Noch ist es hell. Gitarrenklänge schweben durch die Luft. Kinder sitzen auf den Schultern ihrer Väter, die übrig gebliebenen Männer kuscheln mit ihrer weiblichen Begleitung. Es erklingt eine klare Frauenstimme. Das Publikum schaut suchend umher. Da ist sie, Stefanie Kloß steht inmitten ihrer Fans auf den Treppen der Wuhlheide und singt den ersten Song. "Das Eis ist dünn, du gehst aufs Eis. Keine Angst von der du weißt", haucht sie in ihr Mikrofon und bahnt sich lachend ihren Weg durch das Publikum. Keiner hat den Gitarristen Thomas Stolle im Blick, der langsam den Steg entlang schlendert.
Nach dem sanften Einstieg wird es lauter, die Drums gehen nach vorne, die Gitarre wird verzerrter, der Bass steigt ein. Es folgen laute Nummern, rockiger als auf dem Album. Stefanie Kloß hüpft von links nach rechts über den Steg und zurück. Zwischendurch flackern aufdringliche LED-Lichter, die Gesichter der Band Silbermond werden als Schwarz-Weiß-Aufnahmen auf Bildschirmen gezeigt. "Zehn Jahre wohnen wir schon in Berlin, und irgendwie ist es wie nach Hause kommen", säuselt Stefanie Kloß. Seit 18 Jahren spielen die vier Musiker aus Bautzen als Band zusammen. "Manchmal weiß ich nicht, ob das eigentlich gut ist, dass wir schon so lange Musik zusammen machen", sagt Stefanie Kloß.
An Sentimentalität spart Silbermond an diesem Abend nicht. Zwischenzeitlich werden alte Bandfotos gezeigt. Von Festivalbildern bis zu Fotos von Studioaufnahmen und Konzerten. Fühlt sich ein bisschen an wie ein Best-of-Konzert. Dazu trägt auch die Songauswahl bei. Neben Songs wie "Langsam" und "Zeit zu tanzen" aus ihrem aktuellen Album "Leichtes Gepäck" schmachtet sie auch ihre größten Erfolge "Symphonie" und "Das Beste" hin.

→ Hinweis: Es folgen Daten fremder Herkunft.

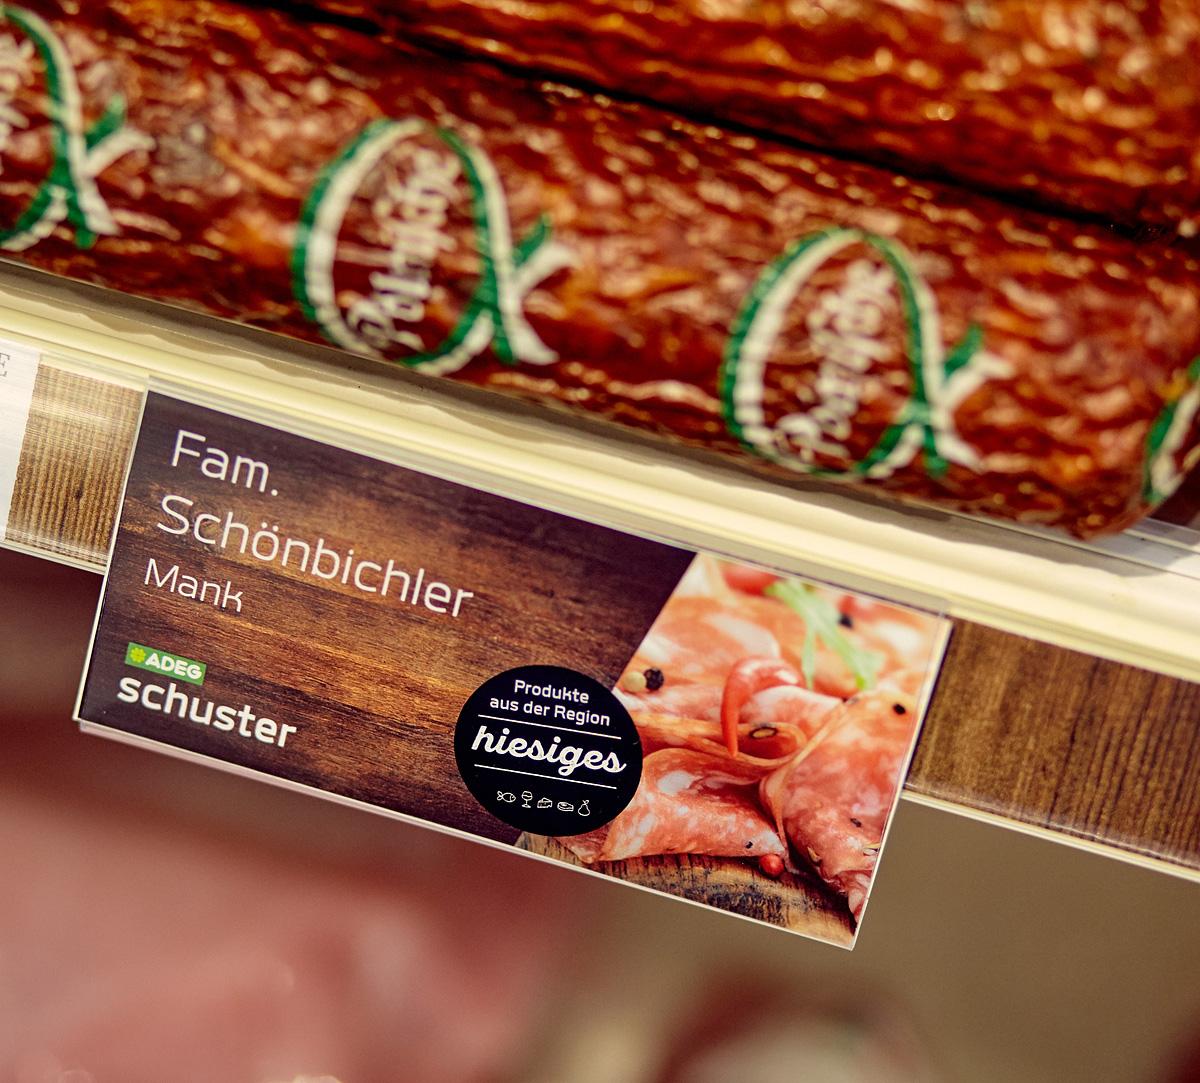 Adeg Schuster Hiesiges Shop_Auftragsfoto-Sappert_MG_3681

Weiter geht es mit "Heut hab ich Zeit", die Strophen werden gesprochen, aufgrund des Halls sind sie aber kaum verständlich. Ein Chor aus syrischen und afghanischen Jugendlichen habe in Hamburg für sie gespielt, erzählt Stefanie Kloß. Dort habe ein Mädchen gefragt, warum sie denn eigentlich von Sicherheit singen würden. In Deutschland sei man doch sicher. "Ich stand da und wusste nicht, was ich sagen soll", sagt Stefanie Kloß. Wieder kullern Tränen über ihr Gesicht. Sie bedankt sich für die Gleichberechtigung und Meinungsfreiheit und kündigt "In Zeiten wie diesen" an. Ein alter Song mit Zeilen wie "Sind wir hier um Nazi zu sein, um nicht aus Fehlern zu lernen, nein dafür sind wir nicht hier". Klitschnass geschwitzt bedankt sich die Sängerin. Irgendwie wird man das Gefühl nicht los, dass sie dieses Konzert nicht beenden möchte. Doch auch an diesem Abend findet alles sein Ende. Mit einem gigantischen Konfettiregen und Crowd-Surfing schließt Silbermond ihr Konzert. Die Kinder nehmen die Hände ihrer Väter, Paare nehmen sich in den Arm und treten den Heimweg an.